Letts and Winger actually mask these inadequacies longer than should be possible. Perhaps as someone desperate for mature, grown-up fare I was slower to the bleak reality of this flat drama than I might otherwise have been, but I won’t steal any credit from Winger and Letts for working miracles either. Suffice it to say, these two make up for a lot, particularly Letts whose ability to be passionately present, with instinctive spontaneity, rivals that of Meryl Streep.

Jacobs’ other big assist comes from composer Mandy Hoffman. Her throwback score feels suited for New York set rom-coms, layered with even more melancholy. Hoffman’s work deserves better material to underscore. She, along with Winger and Letts, provides a sophistication that Jacobs’ efforts completely lack.

The third act really goes south with the entrance of the couple’s son, when he visits from college with his new girlfriend. An obnoxiously resentful stereotype, he exists simply to vent anger and bitterness at his parents, turning this labored exercise from frustrating to actively annoying. The entire script feels like a first draft that a better director would not have settled for, and likely overhauled.

The real kicker: as happy endings go, this one’s pretty messed up. Swap out the “v” in the title for an “s”, and that unfortunately describes every audience who ends up sitting through The Lovers.

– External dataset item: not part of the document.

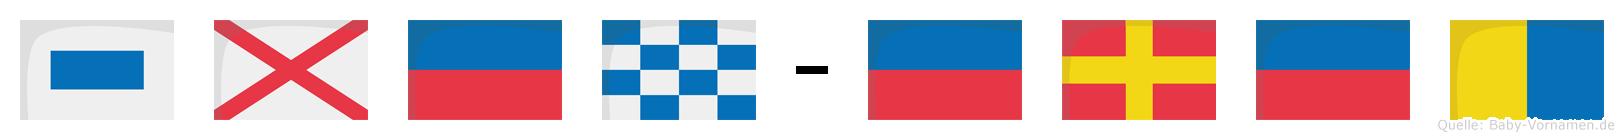 Sven-Erek im Flaggenalphabet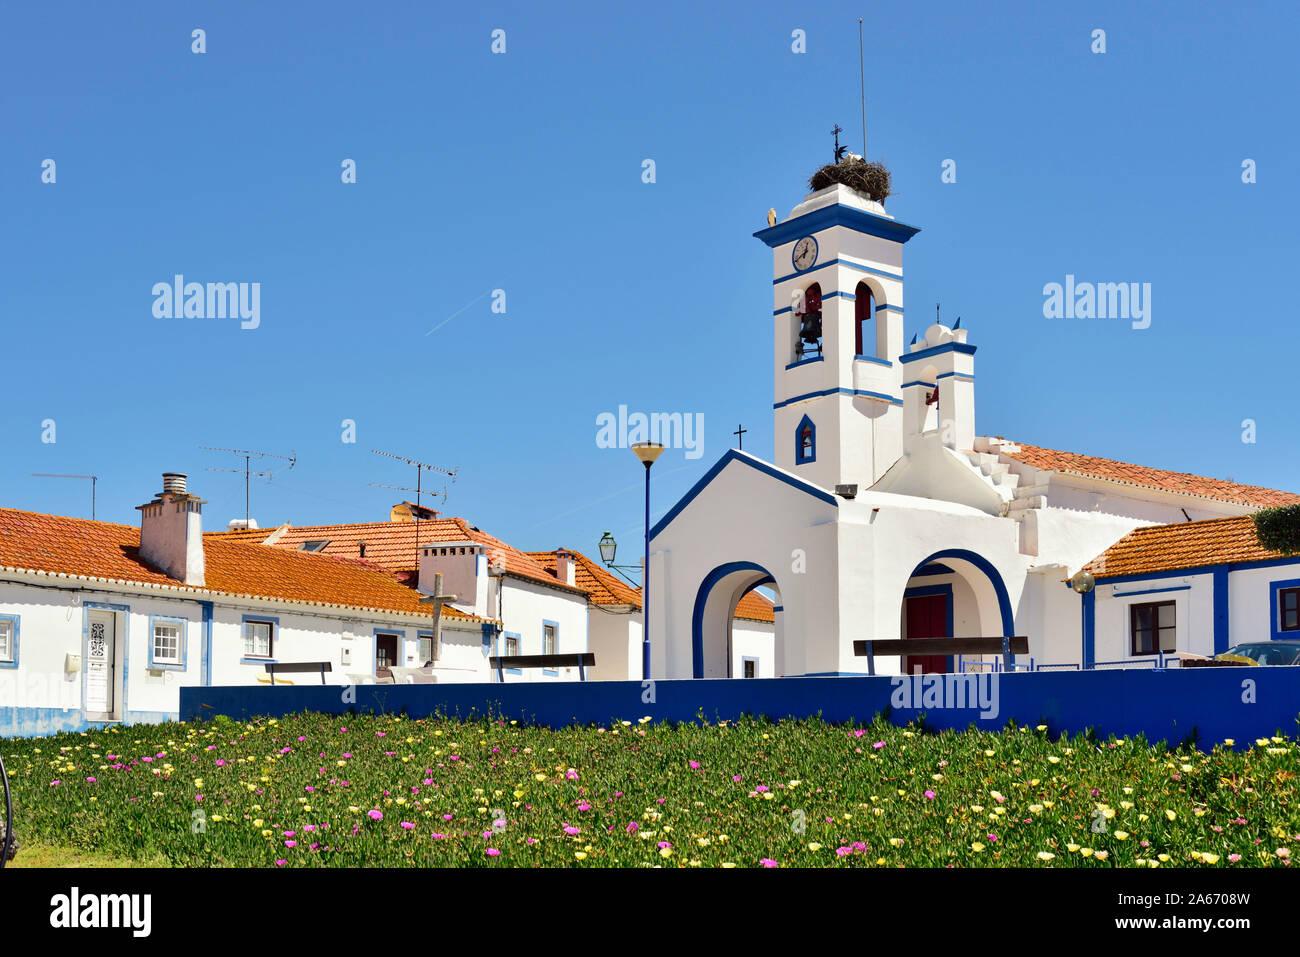 La tradicional aldea de Santa Susana, muy rica en arquitectura tradicional con casas pintadas de blanco y azul fuerte que rodean las ventanas y puertas. Alentejo, Portugal Foto de stock

2 thoughts on “THE LOVERS (Movie Review)

  1. Ed Wallace, local car critic for the Fort Worth Star-Telegram newspaper, tells it like it is when he reviews a new car each week. We were looking for a new car last year and my wife and I thought Mr. Wallace was being a bit too harsh on a couple of cars we were interested in test driving. Sure enough, when we checked out the cars he described in a negative way they were not good cars. I was reminded of this fact when I read Mr. Huston’s review of “The Lovers.” Telling the truth about anything can sometimes mean you cannot hold back the punches. It may seem to some people that this review went for a quick knockout and you would be right. If an opponent is not prepared for the fight they can quickly find themselves on the mat hearing the ten count. This director, like a boxing manager, did not have his movie ready to be released into the competitive ring of the weekend multiplex. Kudos once again for Mr. Jeff Huston.